Treasures Of A Desert Kingdom: The Royal Arts Of Jodhpur, India Dazzles At The Royal Ontario Museum
Treasures Of A Desert Kingdom: The Royal Arts Of Jodhpur, India Dazzles At The Royal Ontario Museum: His Highness Maharaja Gaj Singh II of Marwar-Jodhpur. Photo Credit; Hina P. Ansari

 

Treasures Of A Desert Kingdom: The Royal Arts Of Jodhpur, India Dazzles At The Royal Ontario Museum
Treasures Of A Desert Kingdom: The Royal Arts Of Jodhpur, India Dazzles At The Royal Ontario Museum: His Highness Maharaja Gaj Singh II of Marwar-Jodhpur with his daughter Princess Baijilal Shivranjani Rajye of Marwar-Jodhpur. Photo Credit: Hina P. Ansari

 

The stunning showcase which spans six centuries of Indian history boasts nearly 250 pieces from the former kingdom of Marwar-Jodhpur including various furnishings, artwork, textiles, cultural artifacts, ceremonial objects, jewels, tapestries and a pristine 1920s Phantom Rolls-Royce, which have all been carefully plucked from the Royal Family’s private collection in Jodhpur.

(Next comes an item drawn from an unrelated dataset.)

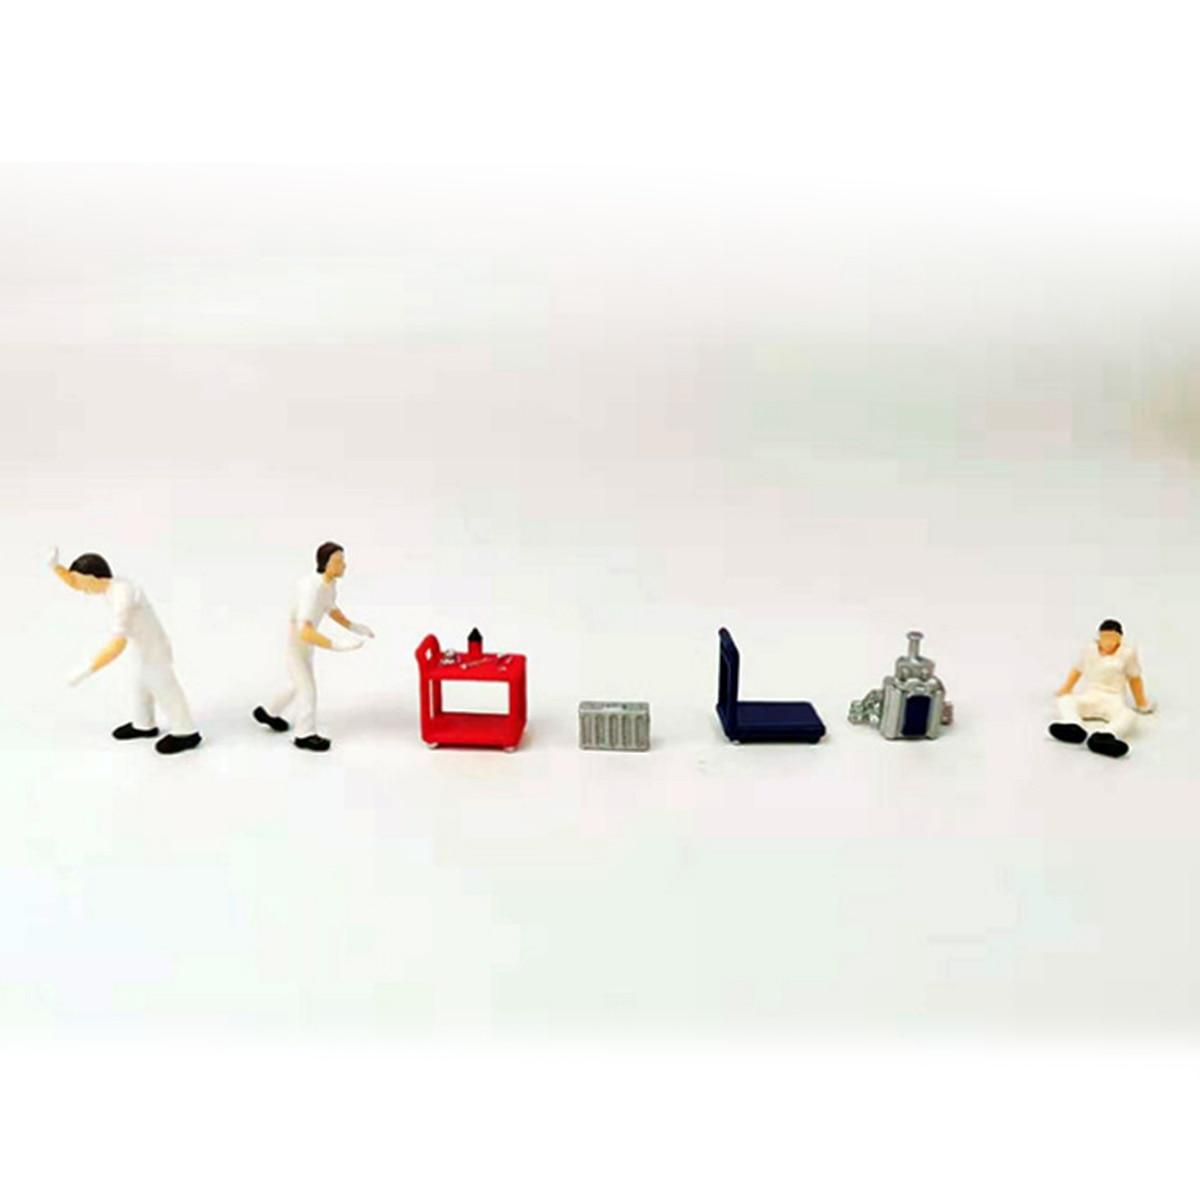 1:64 Repair Depot Auto Repairman Model Figure Scenario Models Kit Scene

To put it in proper historical context, the 15th century was an impressive era of global development. While the Royal Mehrangarh Fort was being built in Jodhpur, Italy was busy with creation of The Vatican, while China was making The Forbidden City come to fruition. To say India’s regal stamp in history was during a remarkable time would be an understatement.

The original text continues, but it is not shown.